When Hurricane Harvey hit Texas and ran up the Gulf Coast in 2017, Houston resident and engineer Rahel Abraham was one of those whose lives were blown into disarray by wind and high water. Having the floodwaters total her 2008 Infiniti G35 was bad enough; the aftermath of trying to put life back together without a vehicle in a city that demands travel by car to do anything efficiently, was worse. It took weeks to begin getting insurance payouts, it took a month to get a rental car. Watching her neighbors also struggle try to get back on their feet without vehicles convinced Abraham to work on a way to protect cars in disastrous weather. The result is the ClimaGuard, a military-grade, waterproof, temporary protective enclosure.
When folded, ClimaGuard is a 30-pound plastic tarp that fits in a compact duffle bag. One person can get a vehicle secured inside in about ten minutes in a simple process much like putting on a car cover, except this one has a base that’s zipped to the upper part of the cover at about the vehicle shoulder line. Welded seams keep water from entering below the zipper, and Abraham designed the enclosure so that the zipper sits well above the vehicle’s water line. So long as the car isn’t being tossed about by waves more than a foot high, water won’t get in. Tossing about shouldn’t be an issue, either, as ClimaGuard comes with anchoring straps to hold the vehicle. If the owner wants to move his car before the flood’s receded, Abraham said the floating car can be pushed around with one hand.
Rahel brought engineering and business skills to the design task, hiring a Swiss firm to test prototypes and scouring facilities for material and production costs that could keep the ClimaGuard affordable. The enclosure comes in three sizes, compact sedan for $399, mid-size sedan for $449, and large and mid-size SUV for $479. That might not sound cheap, but the prices make the enclosure less expensive than the average $500 insurance deductible, and a no-brainer when counting the cost of time and expense in replacing a totaled vehicle.
Although designed for vehicles, the ClimaGuard will protect anything that can fit inside. Abraham told The Drive, “The compact car size could literally fit a living room … You could put two couches in there, a table, you could stack it up because the compact car size is about 14 feet.”
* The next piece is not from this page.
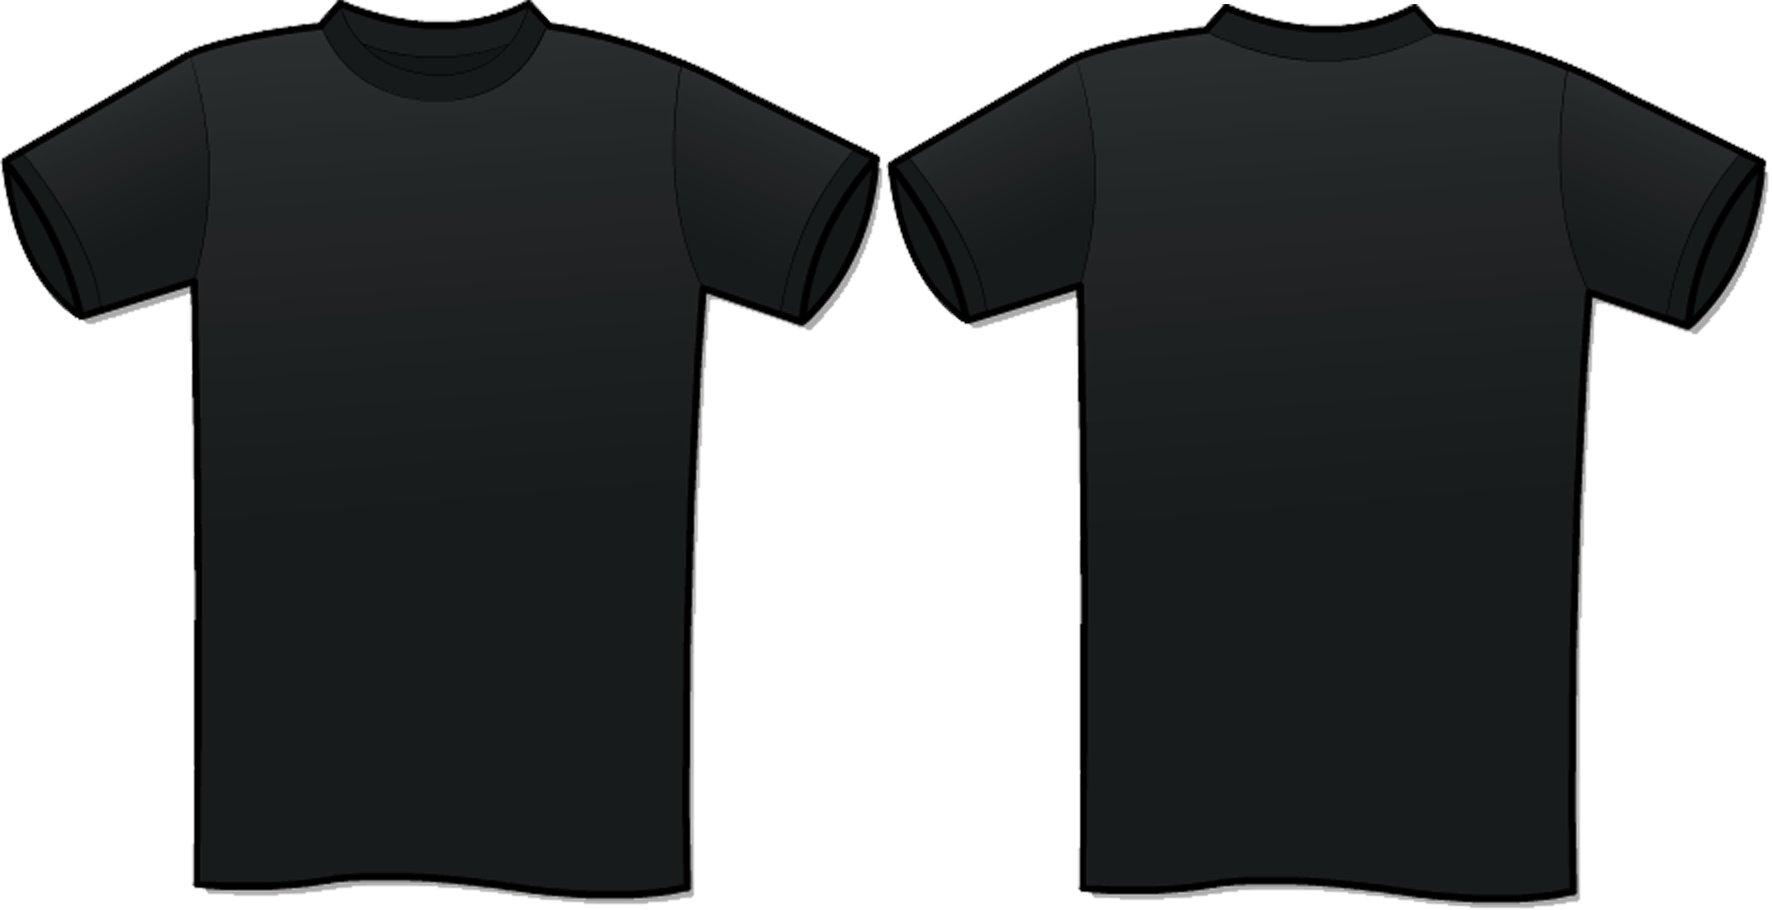 Shirt Design Template Psd. white t shirt design template ...

Lots of folks in Lousiana could have used ClimaGuard when Hurricane Ida made landfall there in August. The city made the extraordinary concession of letting residents park cars on raised street medians, nevertheless, CarFax estimated more than 200,000 vehicles were damaged as Ida whirled from Louisiana to New Jersey, Delaware, and New York City. These catastrophes affect everyone looking for a car no matter where they live by taking vehicles out of already-constrained inventories and bringing more buyers to the market, all of which raise prices, and eventually putting flood-damaged wares back into circulation. And with weather getting more strange and more unpredictable every year, we don’t see the need for ClimaGuard’s kind of flood protection diminishing any time soon.